Replace sequential per-process/port/table erpc calls with batched erpc:send_request/receive_response for parallel data collection
Add list_processes_with_info, list_ports_with_info, list_ets_tables_bulk FFI functions with 5s bulk timeout
Make processes, ETS, and ports live component inits non-blocking to avoid mist's 500ms actor init timeout
Remove cookie parameter from URL/connect widget (security concern)
Bump dependencies via gleam update (gleam_stdlib 0.65→0.69, etc.)
Changed the connection

Usage for remote node inspection (short node names will not work for that):

cd spectator_app
ERL_FLAGS="-name spectator@127.0.0.1 -setcookie <cookie>" gleam run

…cking init, remove cookie from URL - Replace sequential per-process/port/table erpc calls with batched erpc:send_request/receive_response for parallel data collection - Add list_processes_with_info, list_ports_with_info, list_ets_tables_bulk FFI functions with 5s bulk timeout - Make processes, ETS, and ports live component inits non-blocking to avoid mist's 500ms actor init timeout - Remove cookie parameter from URL/connect widget (security concern) - Bump dependencies via gleam update (gleam_stdlib 0.65→0.69, etc.) Usage for remote node inspection: cd spectator_app ERL_FLAGS="-name spectator@127.0.0.1 -setcookie <cookie>" gleam run

JonasGruenwald · 2026-02-27T17:09:09Z

We've been using Spectator to inspect production BEAM clusters with many processes across remote nodes

That's super cool to hear, thanks for sharing!

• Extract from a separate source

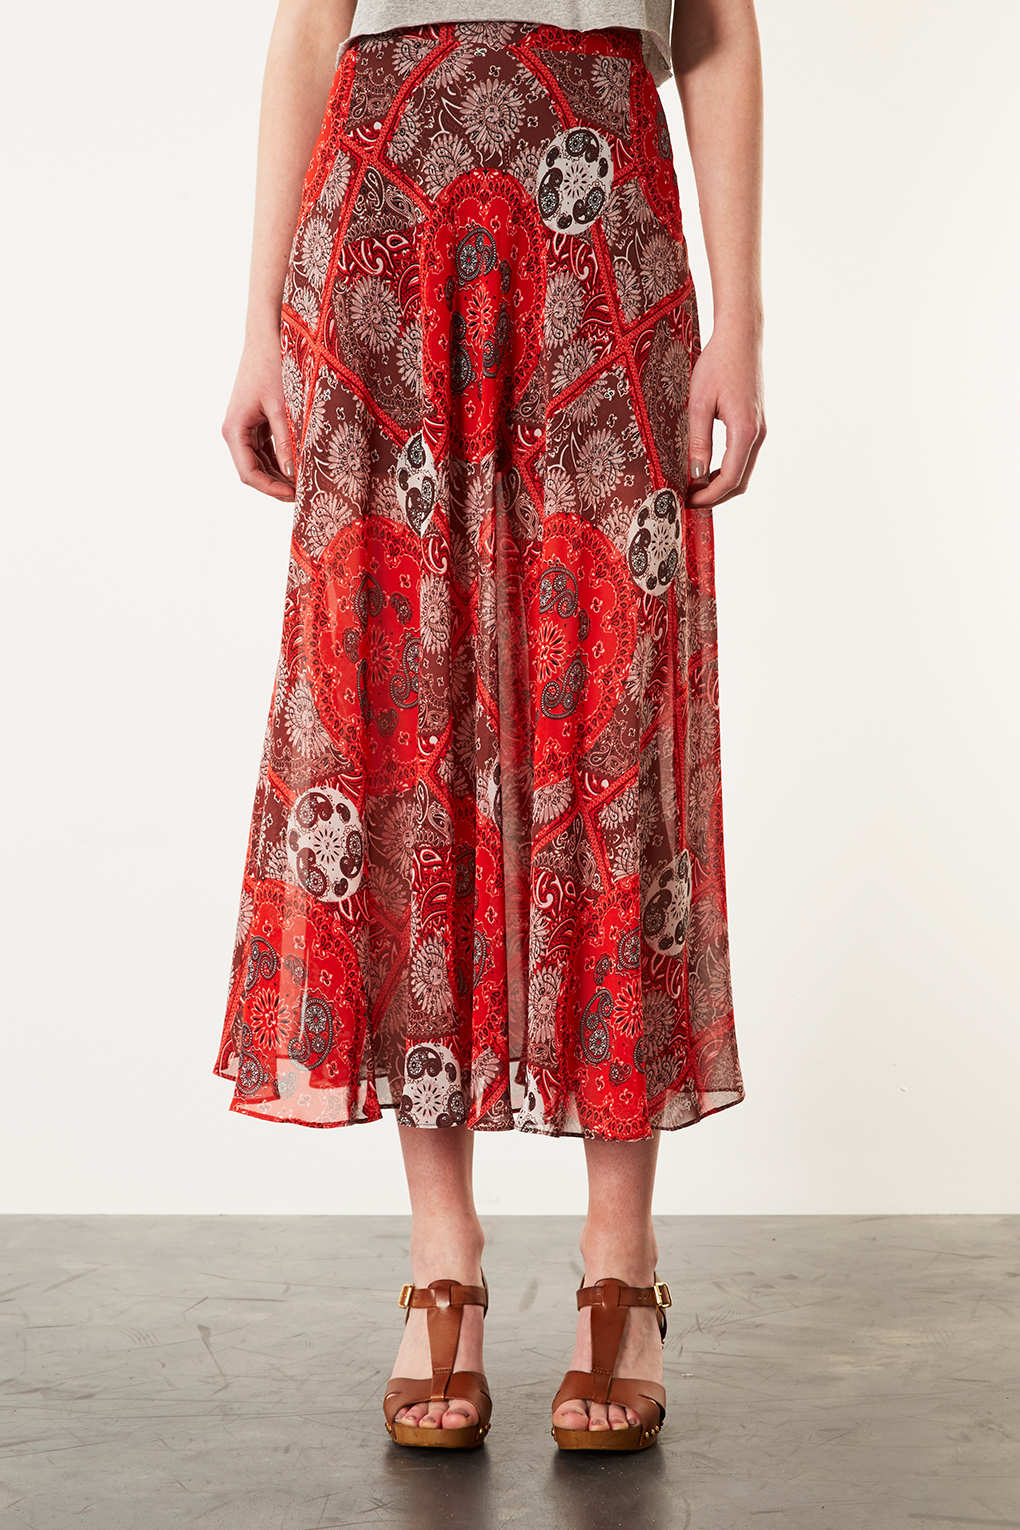 Lyst - TOPSHOP Red Bandana Print Maxi Skirt in Red

These changes sound good to me, I've been meaning to handle the data fetching more gracefully – thanks for your work, I will try to take a closer look when I can.

I think not storing the cookie in the URL query parameter is a good idea; I had been thinking about moving both the cookie and target node name to command line arguments passed to spectator when starting it, because I'd generally prefer to avoid creating atoms from user input dynamically – do you think that's something that would work for your use case as well or do you benefit from being able to swap between inspection targets on a running spectator instance?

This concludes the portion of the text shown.